Among the metal chalcogenides, PbS QDs have been extensively studied because they are an ideal model light absorber due to their large Bohr radius, small bulk bandgap energy, strong absorptivity, wide absorption spectrum from visible to near infrared, and multiple exciton generation. PbS QD solar cells can be roughly classified as Schottky,¹² depleted heterojunction,¹³ or sensitized type,¹⁴ with respect to the device architecture. Unlike Schottky and depleted heterojunction type devices, the sensitized solar cells have unique device architecture of electron conductor, sensitizer, and hole conductor, which can promptly transfer charge carriers into electron conductor and hole conductor. Occasionally the depleted heterojunction PbS QD solar cells exhibited higher device efficiency than the PbS QD-sensitized solar cells (QD-SSCs), the sensitized solar cells still have advantages to attain high efficiency with low cost in terms of device architecture and operating mechanism so that continuous studies are needed.

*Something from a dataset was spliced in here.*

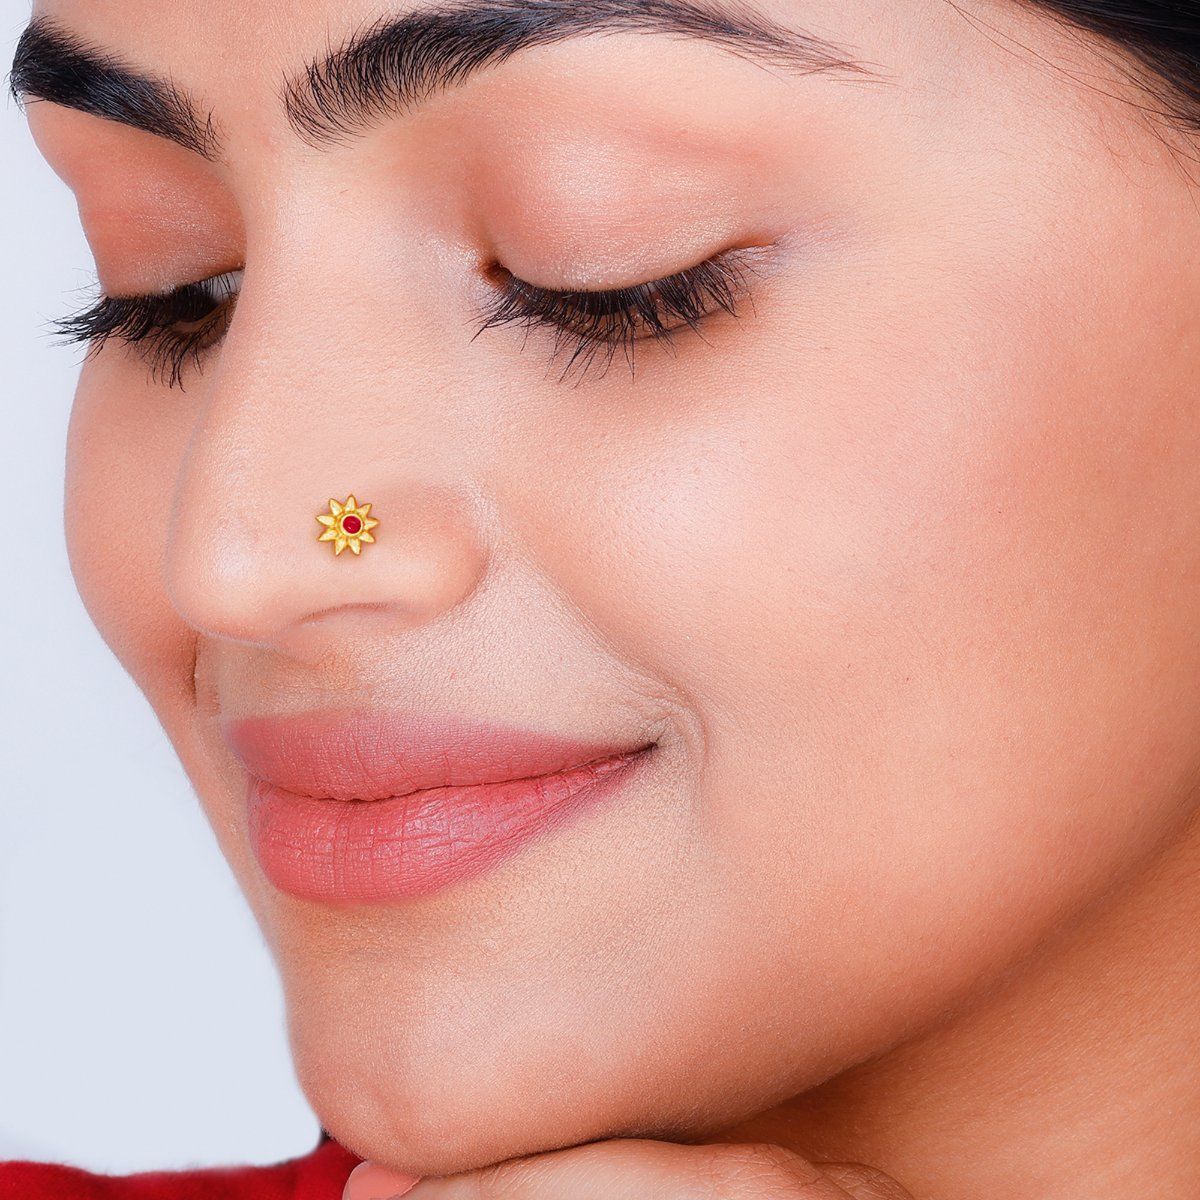 Buy Gold & Diamond Nose Ring In India Starting Range @ ₹6500/-
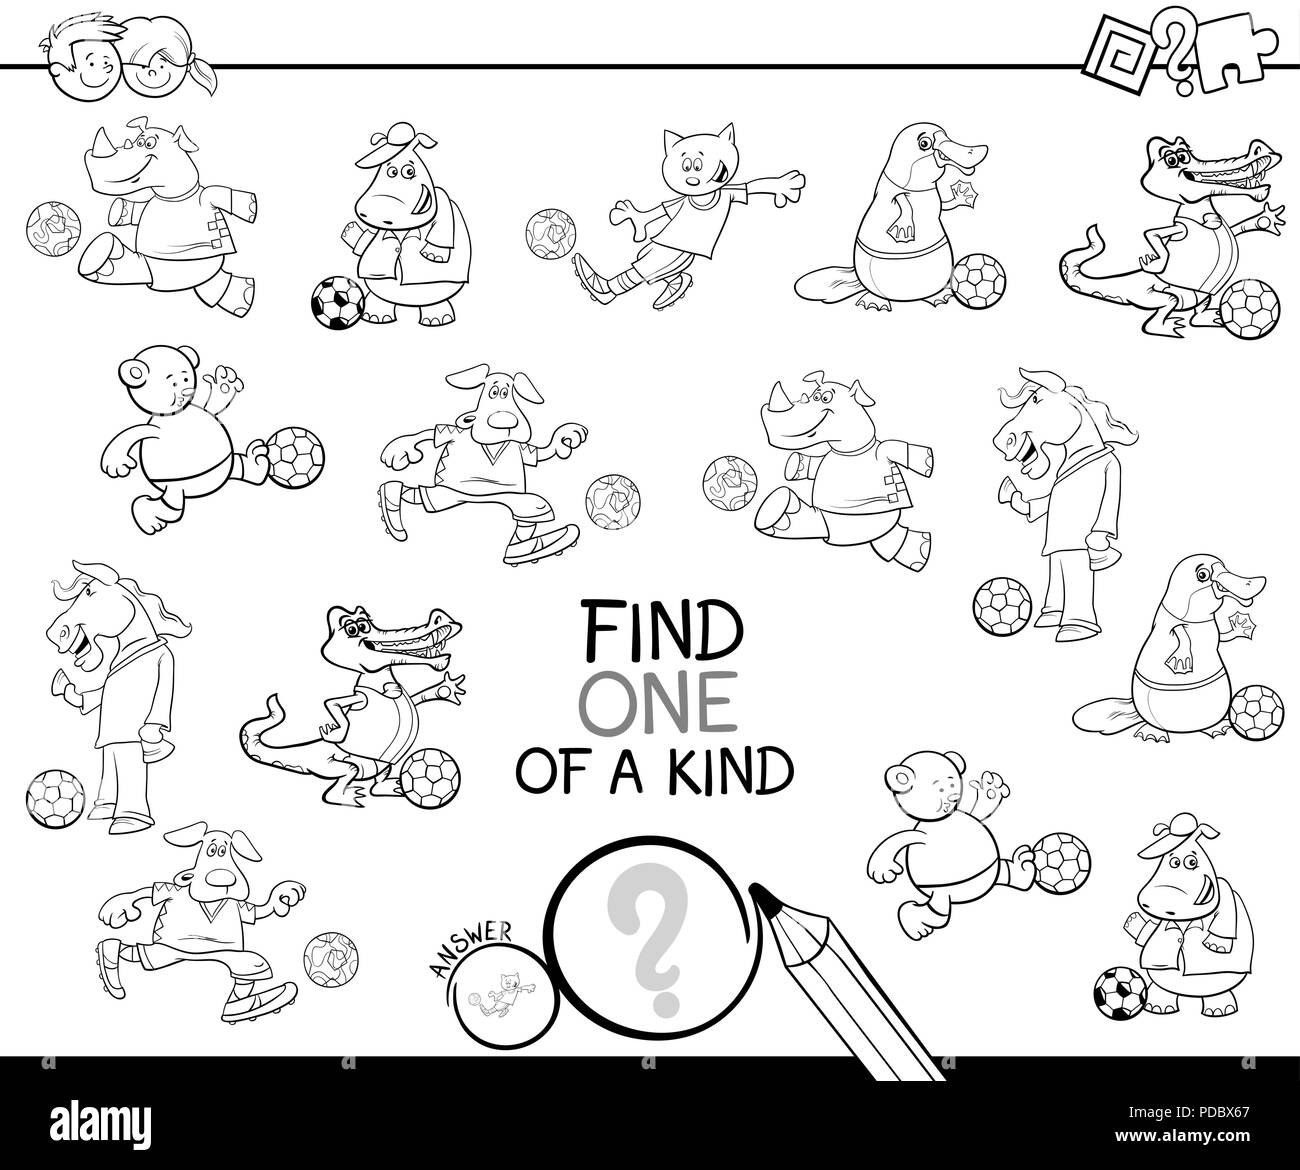 Bianco e Nero Cartoon illustrazione di trovare un tipo di immagine attività didattica gioco per bambini con animali i giocatori di calcio caratteri Colo Illustrazione Vettoriale

The PbS QD-SSCs are generally fabricated by depositing the PbS colloidal QDs (CQDs) on a mesoporous TiO₂ (mp-TiO₂) electron conductor or directly growing the PbS QDs on the mp-TiO₂ via successive ionic layer adsorption and reaction (SILAR) method. The PbS CQDs have uniform size distribution so that they are good for injecting the electrons from PbS CQDs into mp-TiO₂ because their conduction band edge can be uniformly positioned over the conduction band edge of mp-TiO₂. However, their surfaces are passivated by insulating long alkyl chains in order to make uniform sized PbS CQDs via hot-injection method. Therefore, the insulating long alkyl ligands are replaced to short ligands such as 1,2-ethane dithiol (EDT), 3-mercaptopropionic acid (MPA), and halogens to improve the charge transport at mp-TiO₂/PbS CQDs interface and PbS CQDs bulk. For instance, Im et al. reported 2.9% multiple-layered PbS QD-SSCs constructed by FTO/bl-TiO₂ (blocking TiO₂)/mp-TiO₂/PbS CQDs/P3HT (poly-3-hexylthiophene)/PEDOT:PSS (poly(3,4-ethylenedioxythiophene) polystyrene sulfonate)/Au.¹⁵ Seo et al. reported 3.2% mesoporous PbS QD/CH₃NH₃PbI₃ core/shell-SSCs.¹⁶ Kim et al. reported 3.9% PbS QD-SSCs with radial directional charge transport by using TiO₂ nanorod electron conductor instead of mp-TiO₂.¹⁷ Very recently, Park et al. reported 8.07% mesoporous PbS embedding CuS QD-SSCs.¹⁸

On the other hand, the PbS QDs prepared by SILAR method did not have any insulating passivation layer on their surface due to direct grown on the mp-TiO₂. However, the SILAR method required tedious repeated process cycle: adsorption of cations (anions) → washing → drying → adsorption of anions (cations) → washing → drying. In addition, the size of PbS QDs deposited on mp-TiO₂ surface is not uniform because some tiny PbS nanoparticles are nucleated and grown on the mp-TiO₂ and at the same time the pre-deposited PbS nanoparticles are continuously overgrown by the repeated SILAR cycle, thereby deteriorating charge injection from PbS QDs into mp-TiO₂. To reduce the tedious repeated process cycle, Joo et al. devised a spin-assisted SILAR (spin-SILAR) method for fabricating a liquid-junction CdS-sensitized ZnO nanorod photoelectrochemical cell.¹⁹ Im et al. reported the solid-state PbS-sensitized photovoltaic photodetectors and PbS–SSCs prepared by spin-SILAR.²⁰ By using spin-coating process instead of dipping process, the washing and drying process could be eliminated because the excess chemicals are automatically spun out and the film is dried during spin-coating process. However, it is still difficult to control the size uniformity of PbS QDs deposited on mp-TiO₂ via spin-SILAR. Therefore, here we tried to deposit more uniform PbS QDs on mp-TiO₂ via spin-assisted successive precipitation and anion exchange reaction (spin-SPAER) because the over growth of the pre-deposited PbS QDs on mp-TiO₂ can be reduced.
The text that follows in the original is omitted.